A continuación, se dará cuenta del punto específico sobre el Sistema Integral de Verdad, Justicia, Reparación y No Repetición, como la parte del Acuerdo Final que trata sobre las Victimas del Conflicto, entre el Gobierno Nacional y las FARC-EP.

Inicialmente, el Sistema Integral parte del principio de reconocimiento de las víctimas como ciudadanos con derechos; del reconocimiento que debe existir verdad plena sobre lo ocurrido; del principio de reconocimiento de responsabilidad por parte de todos quienes participaron en el conflicto y se vieron involucrados de alguna manera en graves violaciones a los derechos humanos e infracciones al Derecho Internacional Humanitario; del principio de satisfacción de los derechos de las víctimas a la verdad, la justicia, la reparación y la no repetición, y sobre la premisa de no intercambiar impunidades.

Para cumplir con este propósito y avanzar en la lucha contra la impunidad, el Sistema Integral combina mecanismos judiciales que permiten la investigación y sanción de las graves violaciones a los derechos humanos y las graves infracciones al Derecho Internacional Humanitario, en los términos que establece la Jurisdicción Especial para la Paz, con mecanismos extrajudiciales complementarios.  

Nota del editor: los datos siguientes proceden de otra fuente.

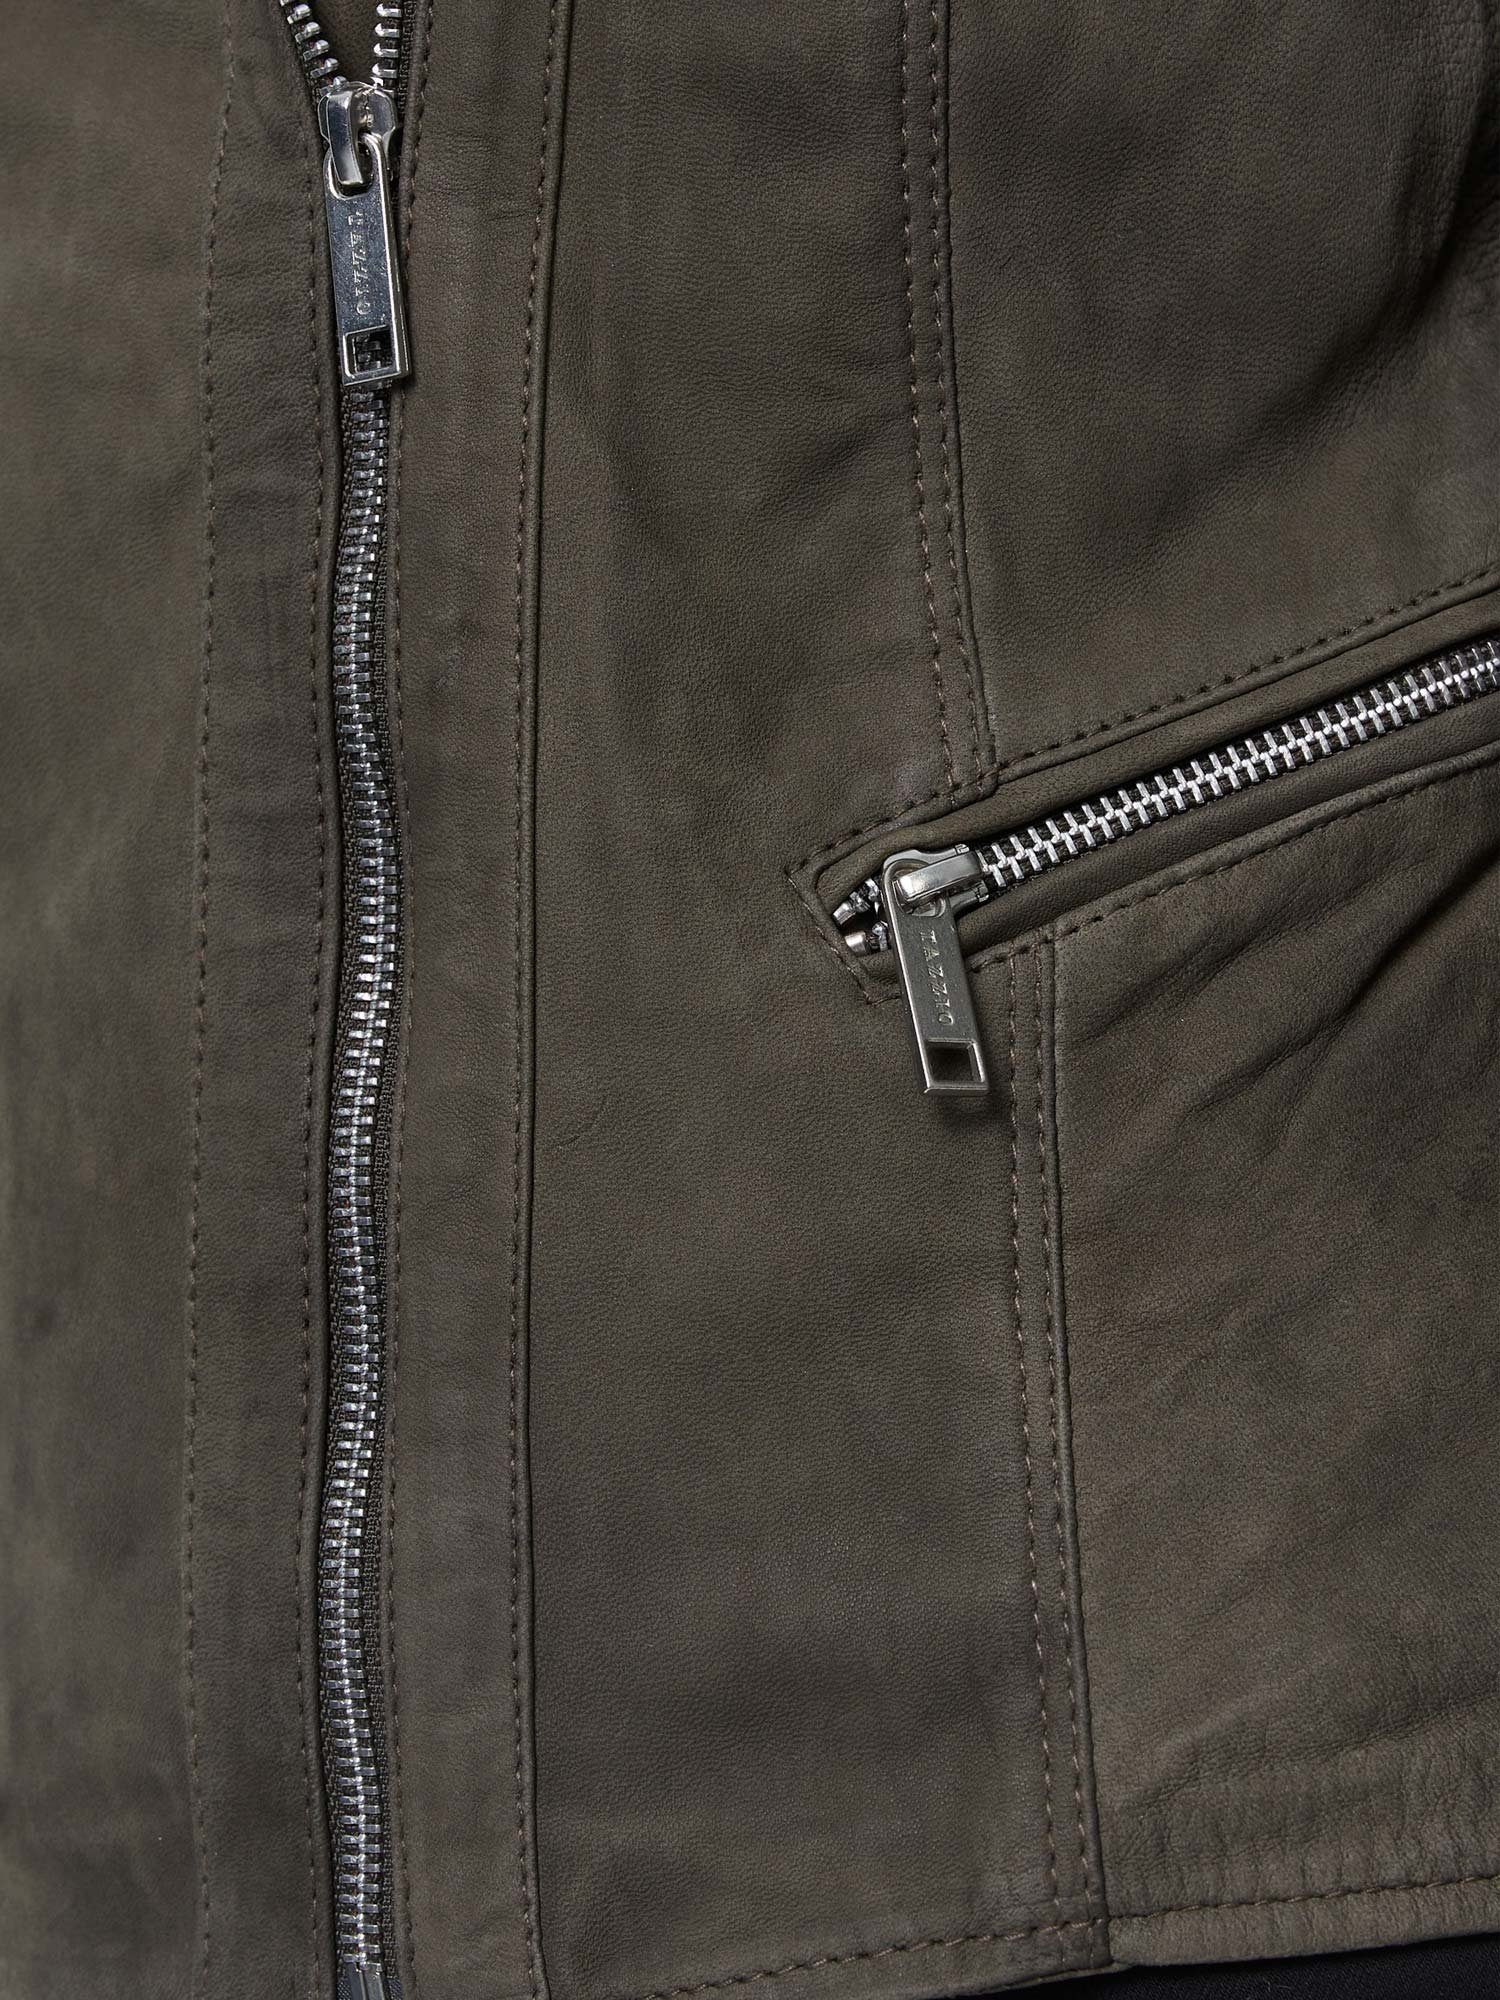 Zipper-Details Tazzio Damen Lederjacke Jacke Reverskragen im & khaki Leder mit Biker Look F500

El Sistema Integral tiene un enfoque diferencial y de género, que responde a las características particulares de la victimización en cada territorio y cada población, y en especial a las necesidades de las mujeres y de los niños. Además, hace especial énfasis en las medidas restaurativas y reparadoras, y pretende alcanzar justicia no sólo con sanciones retributivas, sino también garantizando la seguridad jurídica de quienes se acojan a las medidas de justicia, como elemento esencial de la transición a la paz. En este mismo sentido, el éxito del Sistema Integral dependerá, en gran medida, de que encuentre una amplia aceptación de la sociedad.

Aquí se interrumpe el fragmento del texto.